» PROBLEM DETAILS: Retype, without pictures, the line holding "Zentrale Gebäude und" and each line below it through the final line.

DATASET SECTION: Begin

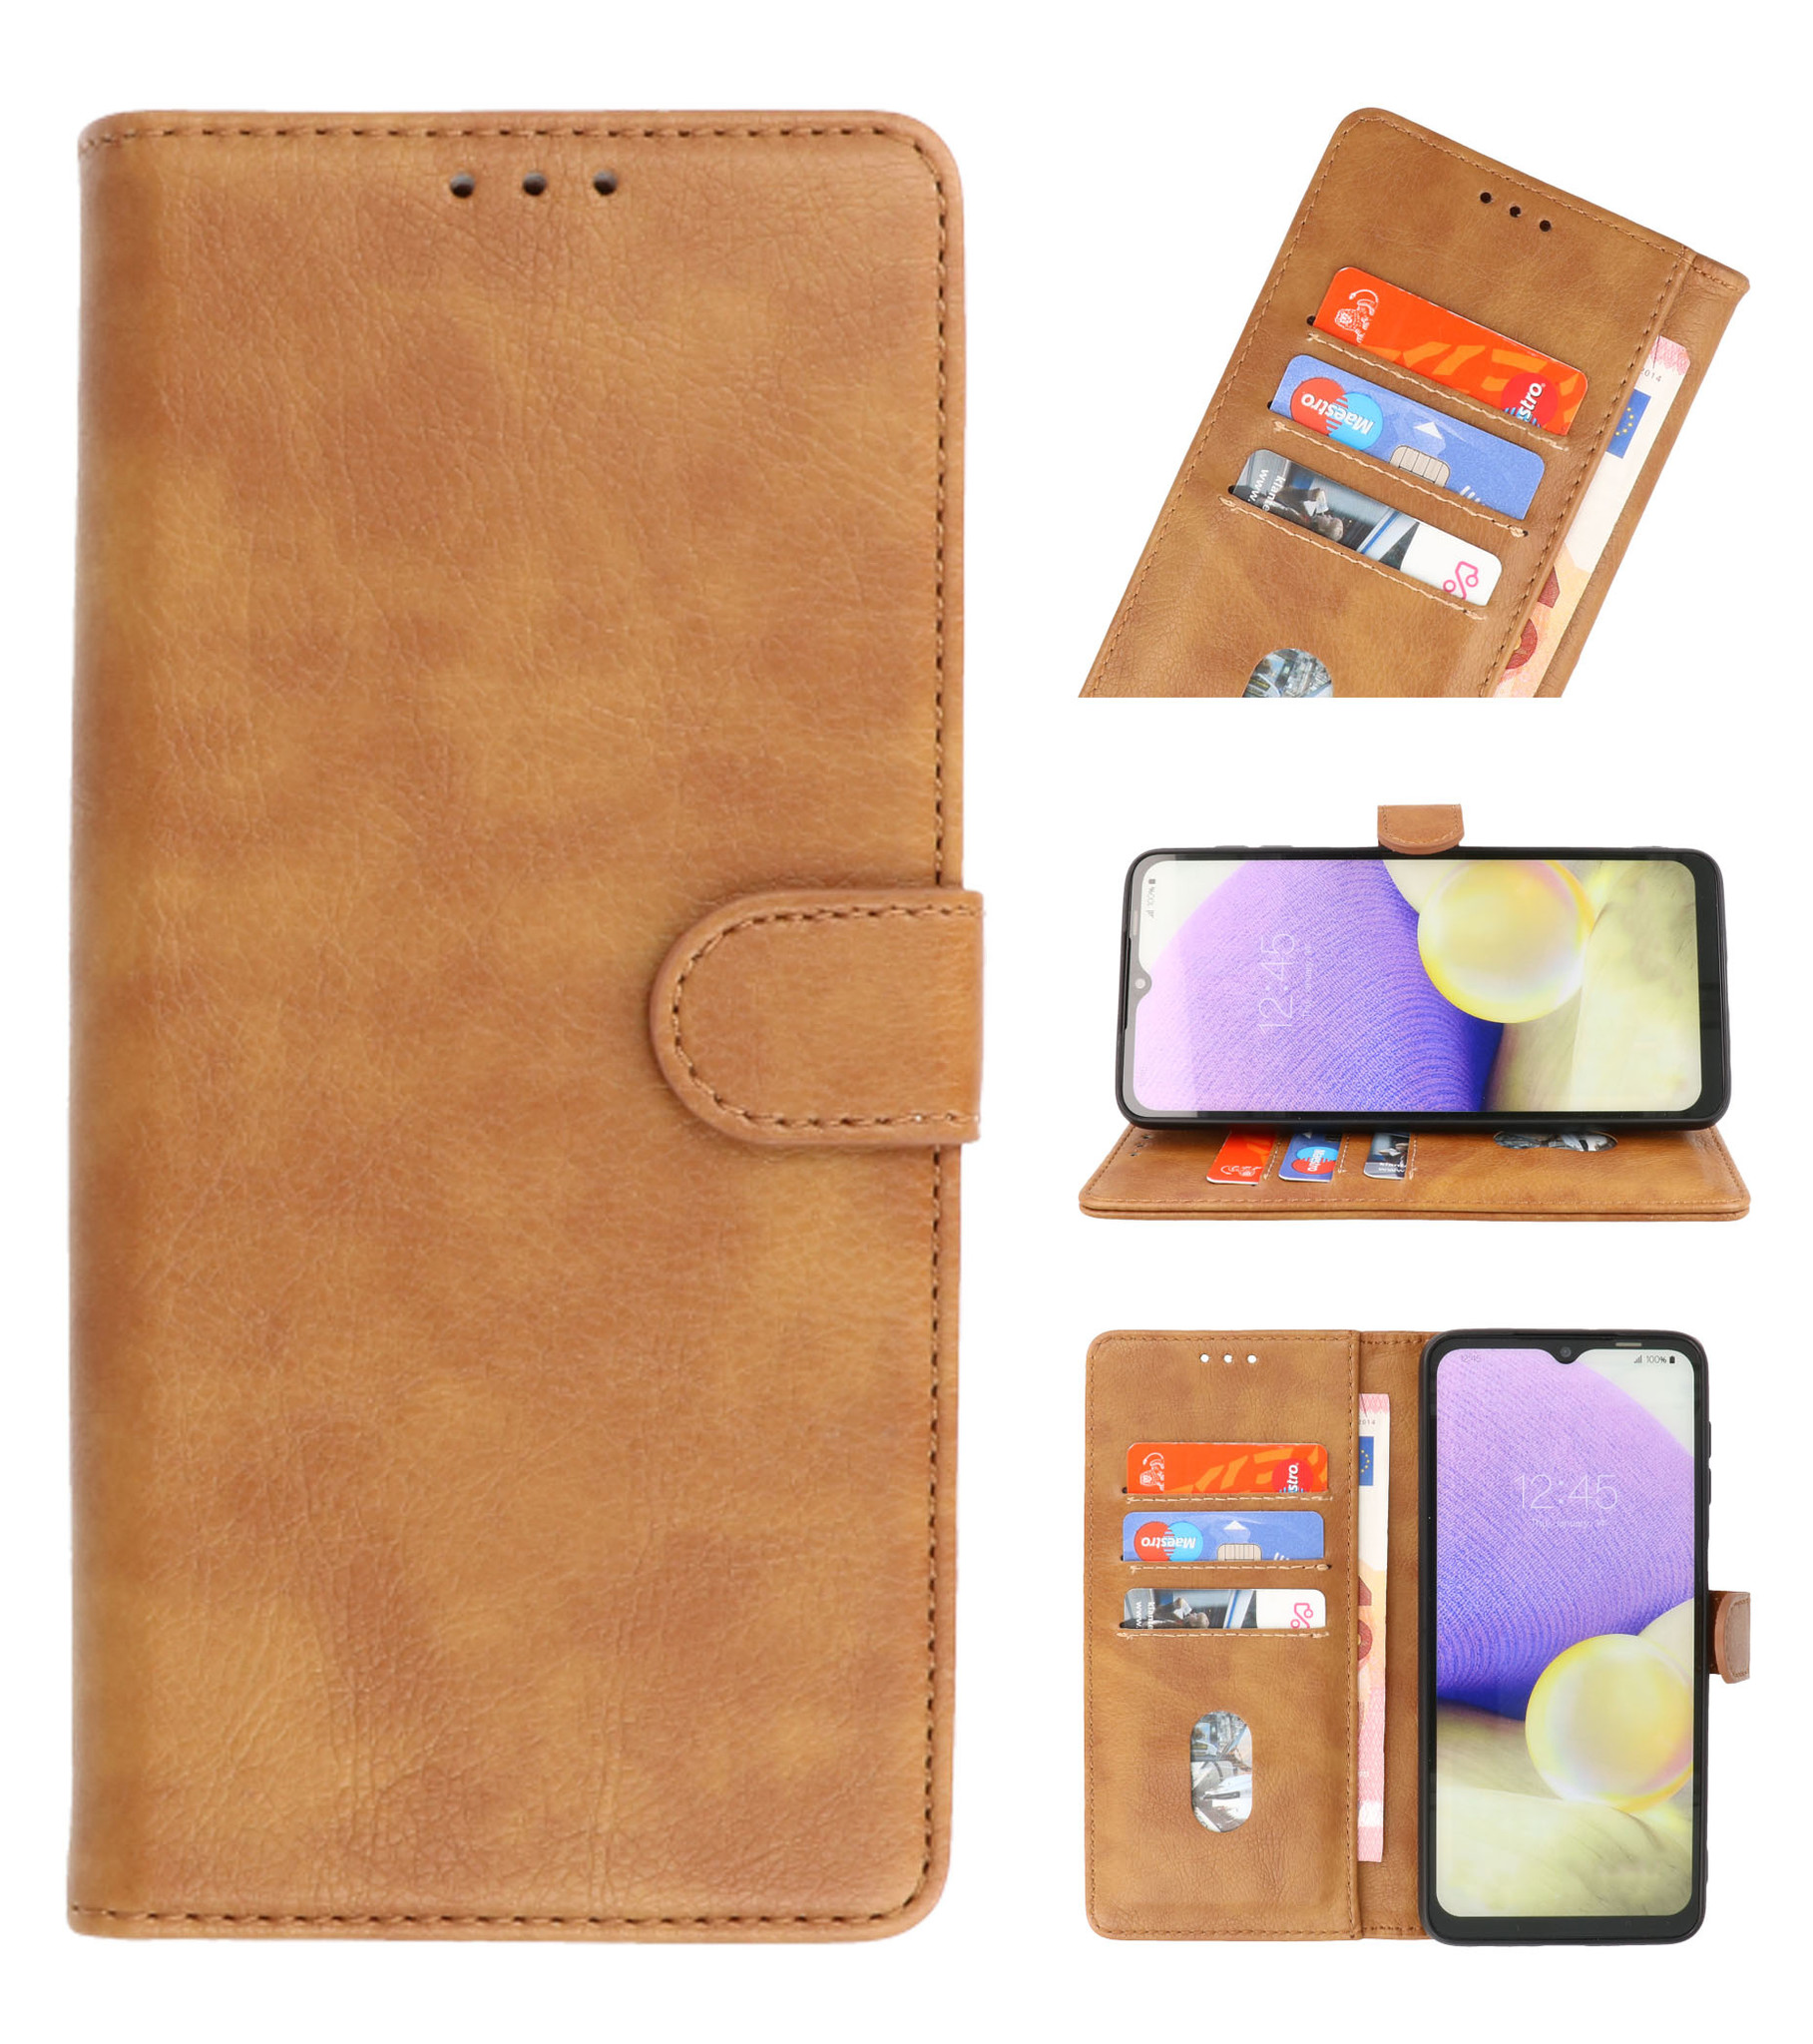 Bookstyle Wallet Cases Hülle für Samsung Galaxy S20 FE Brown
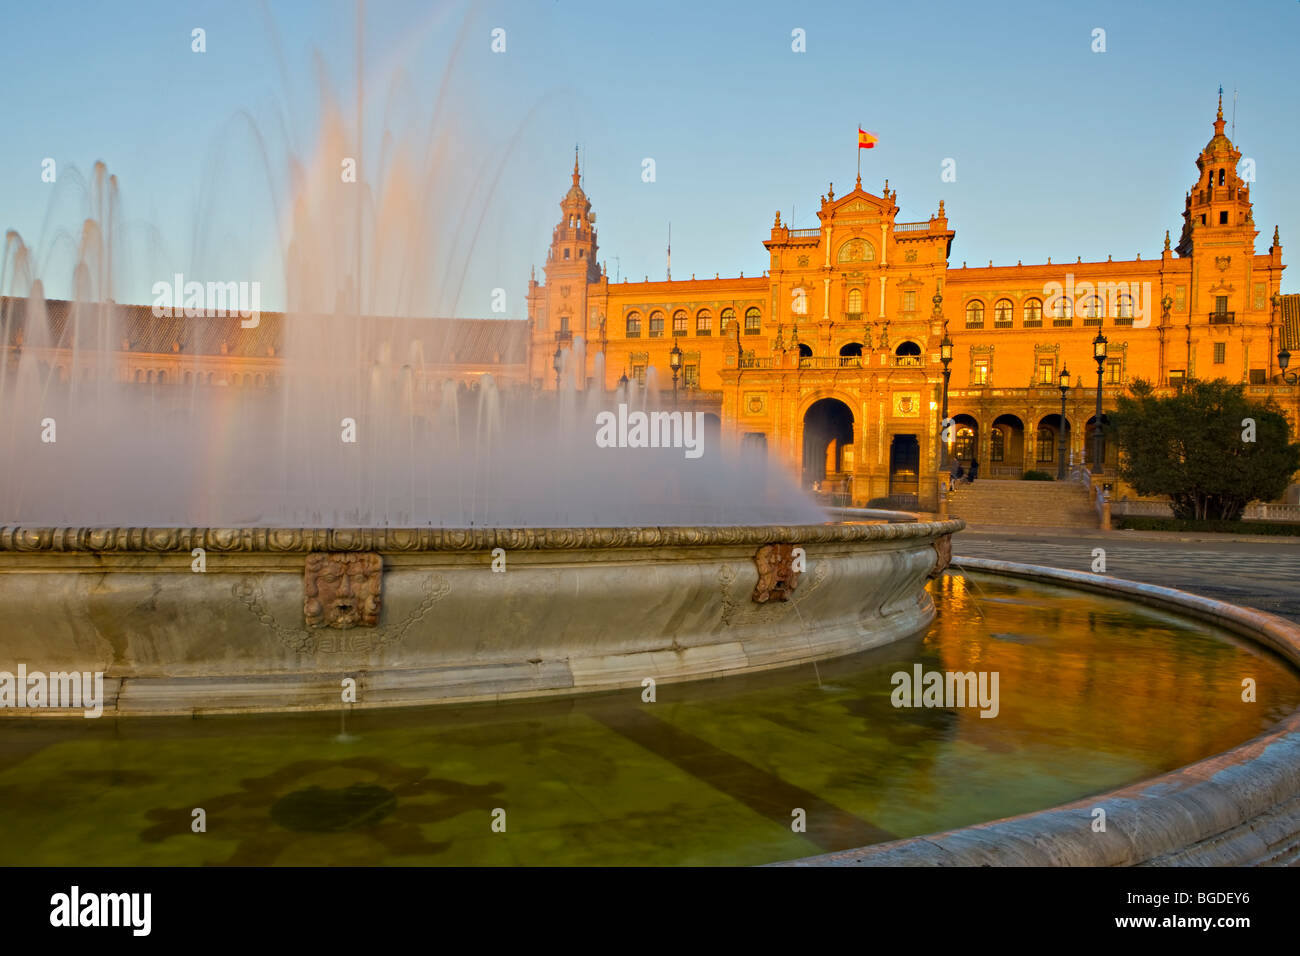 Zentrale Gebäude und Brunnen in Plaza de España, Parque Maria Luisa, während des Sonnenuntergangs in der Stadt Sevilla (Sevilla), Provinz o Stockfoto
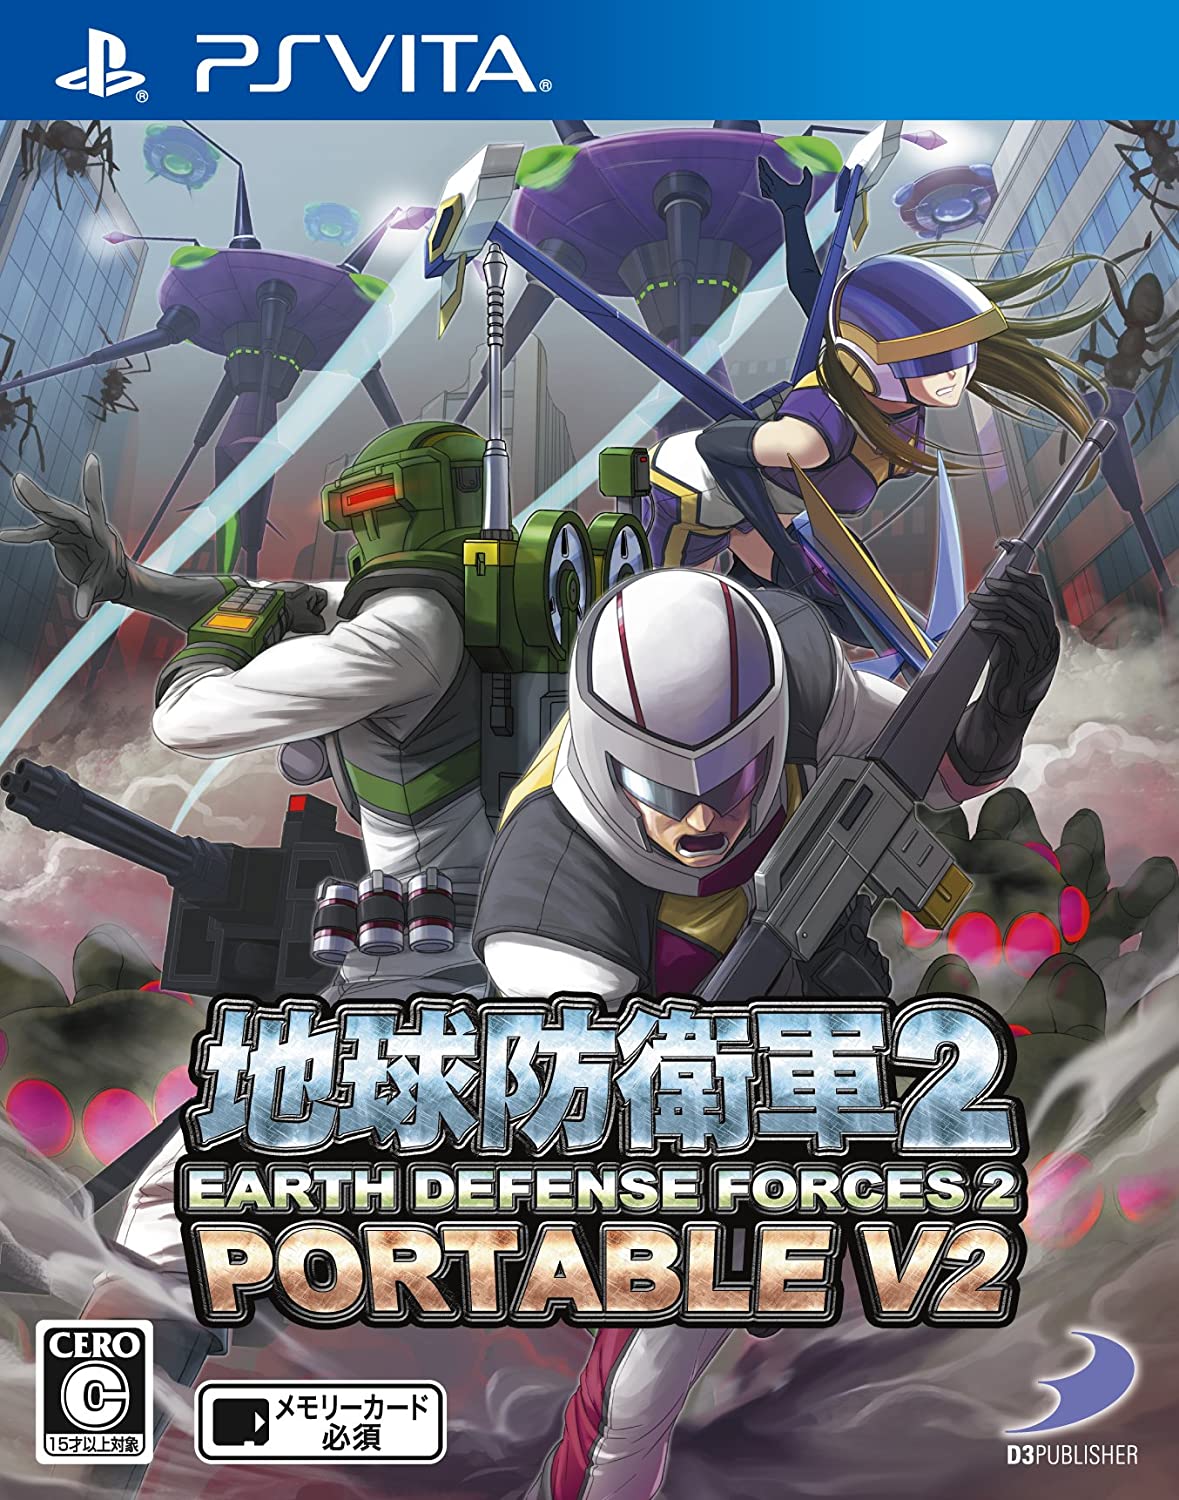 『地球防衛軍2 PORTABLE V2』の攻略・Wikiまとめ【PS Vita】

DATASET SECTION: End

» SOLUTION TO THIS EXERCISE:
 Zentrale Gebäude und Brunnen in Plaza de España, Parque Maria Luisa, während des Sonnenuntergangs in der Stadt Sevilla (Sevilla), Provinz o Stockfoto
 『地球防衛軍2 PORTABLE V2』の攻略・Wikiまとめ【PS Vita】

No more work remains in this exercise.